Differential Equations/differntial equation question
(x^2)y''+xy'+y=x with y(1)=y'(1)=1. Then what is the value of y(e^π/2)
First solve the associated homogeneous problem: (x^2)y''+xy'+y=0, by letting y=x^n
Substituting that into the DE gives: (x^n)*(n^2+1)=0 ==> n=-i or +i.
Thus, y1=x^i or y2=x^(-i). Using Euler's formula e^(bi)=cos(b)+isin(b), we get
y1=cos(ln(x))+isin(ln(x)), and y2=cos(ln(x))-isin(ln(x)). Combining them as a
linear combination to obtain y(x), gives y(x)=k1*y1+k2*y2= (k1+k2)cos(ln(x))+(k1-k2)isin(ln(x))
Letting C1=k1+k2 and C2=(k1-k2)i, gives the homogeneous soluiton: y(x)=C1*cos(ln(x))+C2*sin(ln(x)).

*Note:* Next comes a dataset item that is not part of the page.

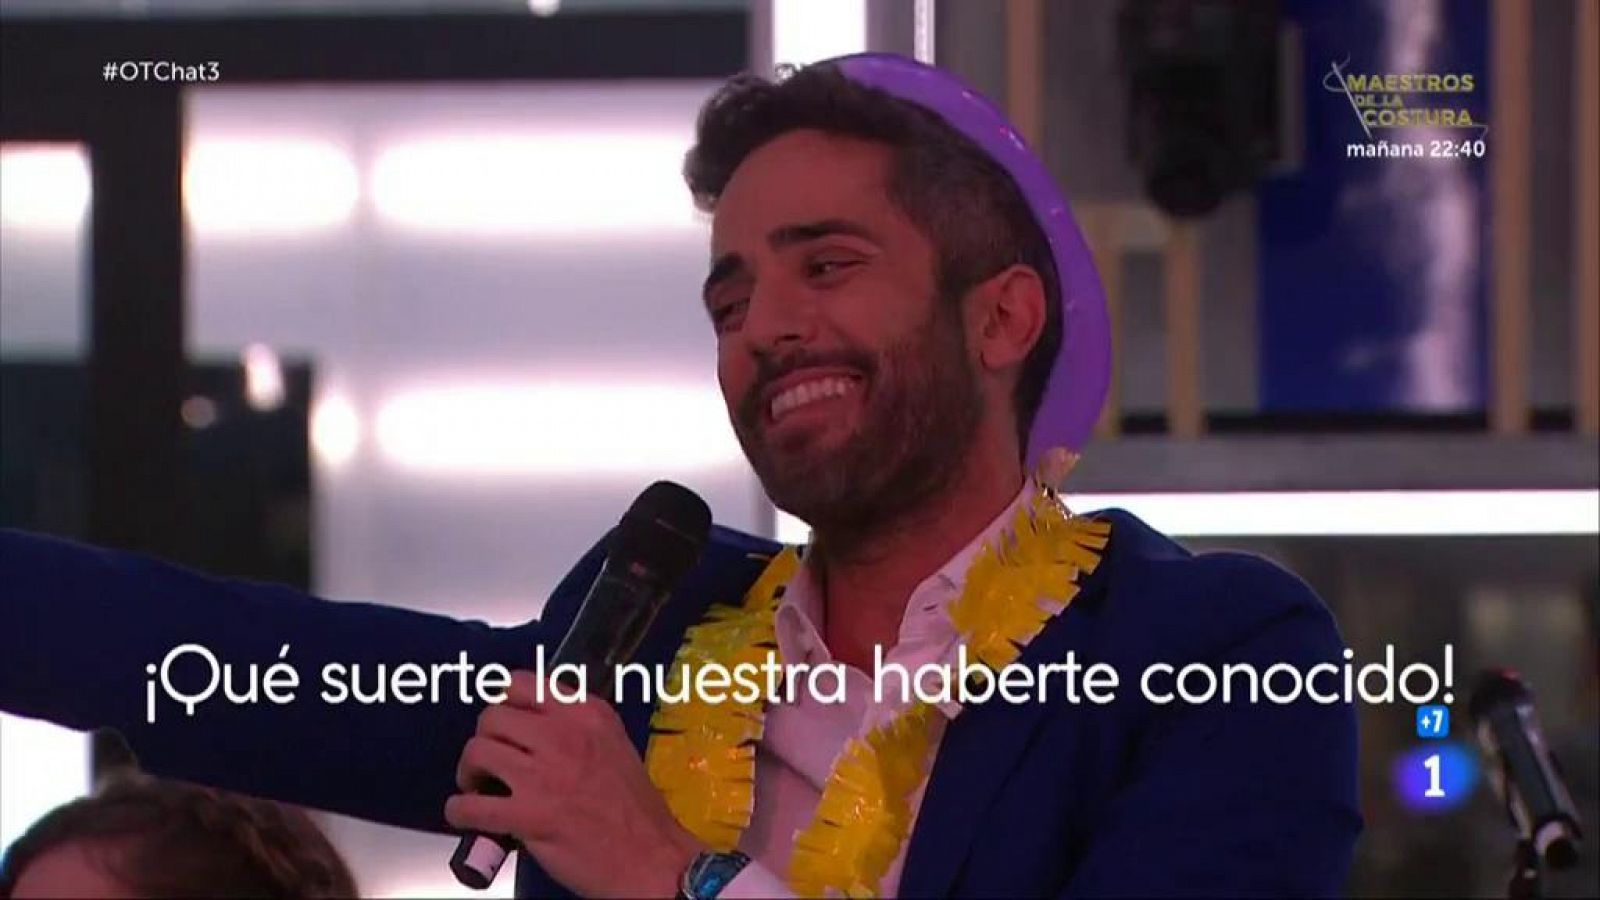 Roberto Leal canta "Corazón partío" de Alejandro Sanz en El Chat 3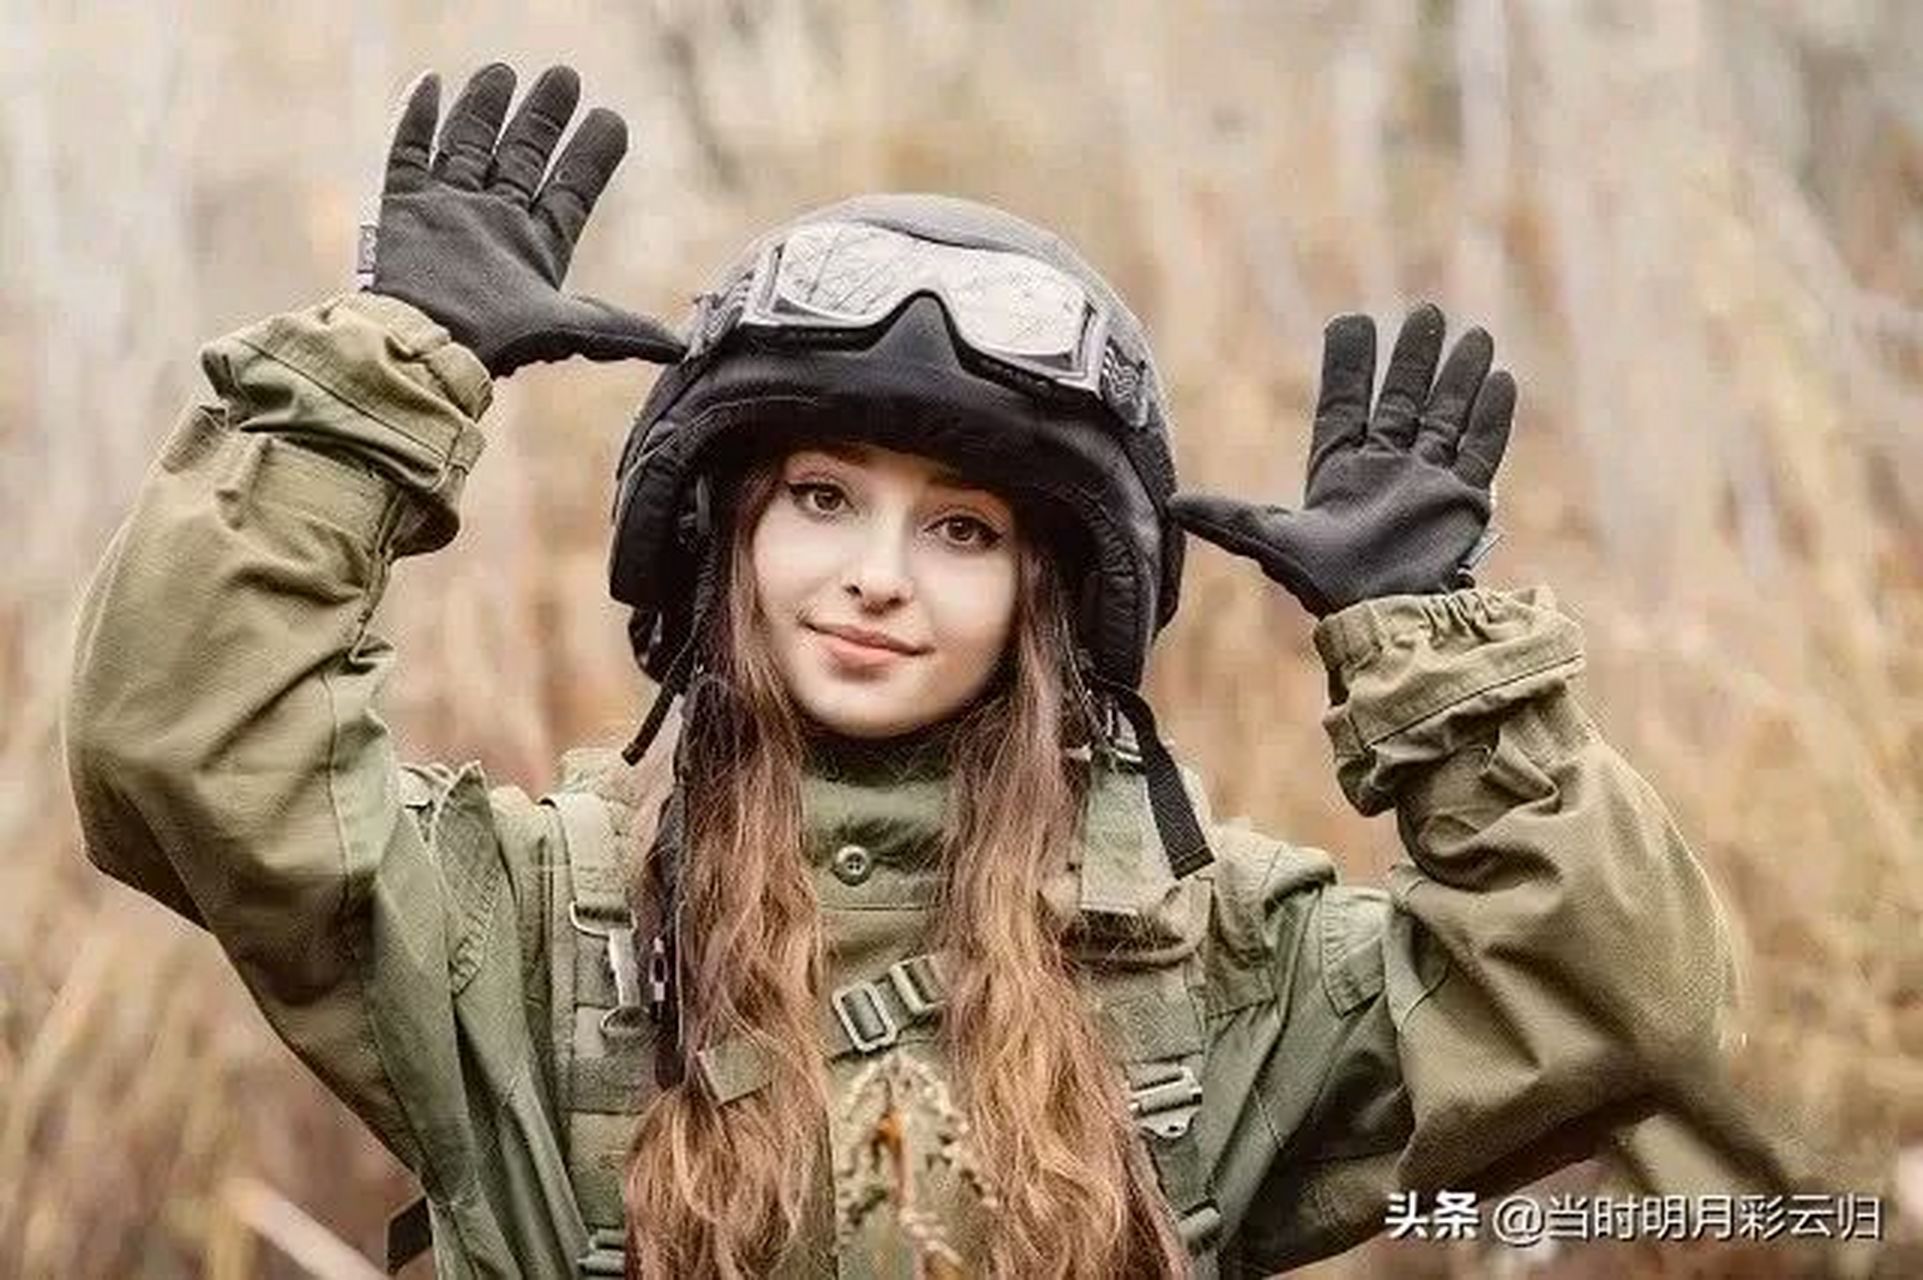 彪悍的车臣士兵和娇美的乌克兰女兵 #领动计划# 乌克兰盛产美女

Now for the particular solution to (x^2)y''+xy'+y=x
Solve by Variation of Parameters, to obtain y(x)=(1/2)x
Thus, the complete solution is y(x)=C1*cos(ln(x))+C2*sin(ln(x))+(1/2)x.
Now you can substitute the IC's in to C1=1/2 and C2=1/2....then let x=e^n/2...